The UKaid funds targeted 258,384 children under five, both from refugee settlement and refugee-hosting communities. Children and their pregnant and lactating women were able to access quality services for Integrated Management of Acute Malnutrition (IMAM), and Maternal, Infant and Young Child Nutrition and micronutrient services. UNICEF also focuses its efforts in ensuring sustainability of nutrition actions.

Funds from the European Union are targeting 198,850 beneficiaries, including refugees and host communities, to be reached with preventive interventions such as Vitamin A supplementation and deworming. Those children under five with severe acute malnutrition are reached with live-saving services. In addition, the funds are also supporting children to receive micro-nutrient powders to address the high prevalence of anaemia.

After acquiring knowledge from the health workers, Abau has since planted cassava, sweet potatoes, pumpkins, variety of vegetables, sorghum and maize. For every meal served, she provides vegetables to all the children. “I have acquired a lot of land to plant crops and vegetables. I can now provide vegetables regularly. My only worry is that Ruta keeps asking for meat, which I am not able to provide at the moment,” Abau says.

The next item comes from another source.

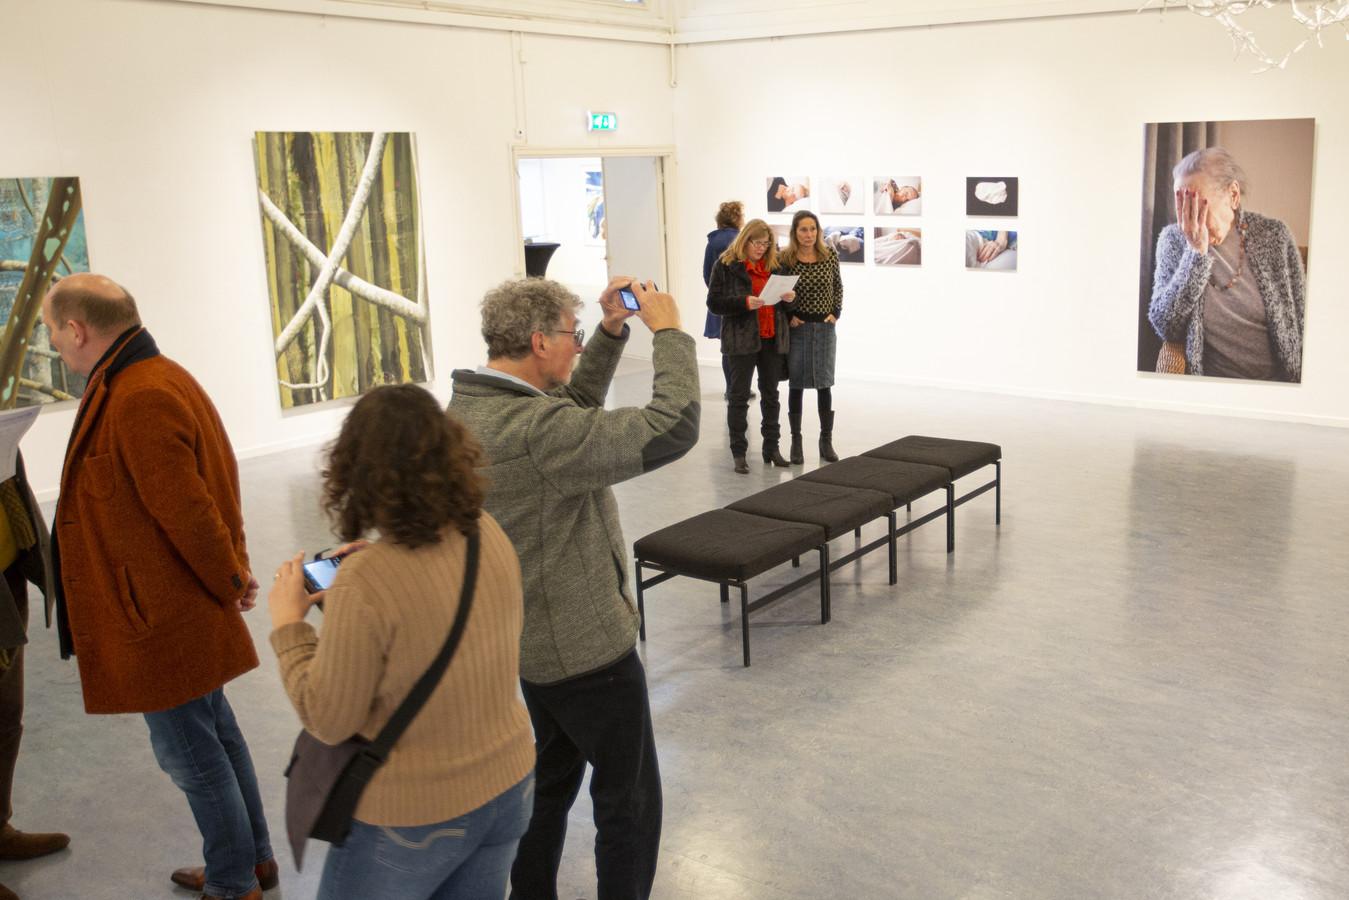 Bezoekers van de expositie.

When a team from UNICEF and CUAMM visited her home, Abau was drying leaves of onions in her compound as a saucepan of beans mixed with greens was on fire boiling. Another saucepan contained cooked sorghum. She reveals that leaves of onions make a nutritious sauce.

Yumbe district Assistant District Health Officer in-charge of Maternal Health and focal point for Nutrition, Daisy Orodiyo, is grateful to UNICEF for the support in areas of finances, technical, supplies, trainings, mentorship and support supervision.

“All the government health centres in the settlements and host communities have equipment to support nutrition services for refugees and host communities. Although not enough, the available equipment has improved our work,” Orodiyo says.

She adds that nutrition services have been extended nearer to the beneficiaries and the communities are very appreciative of the service. “Initially we had few sites, but now each settlement has at least one treatment site for severely malnourished children. We also provide screening services at all entry points,” Orodiyo explains.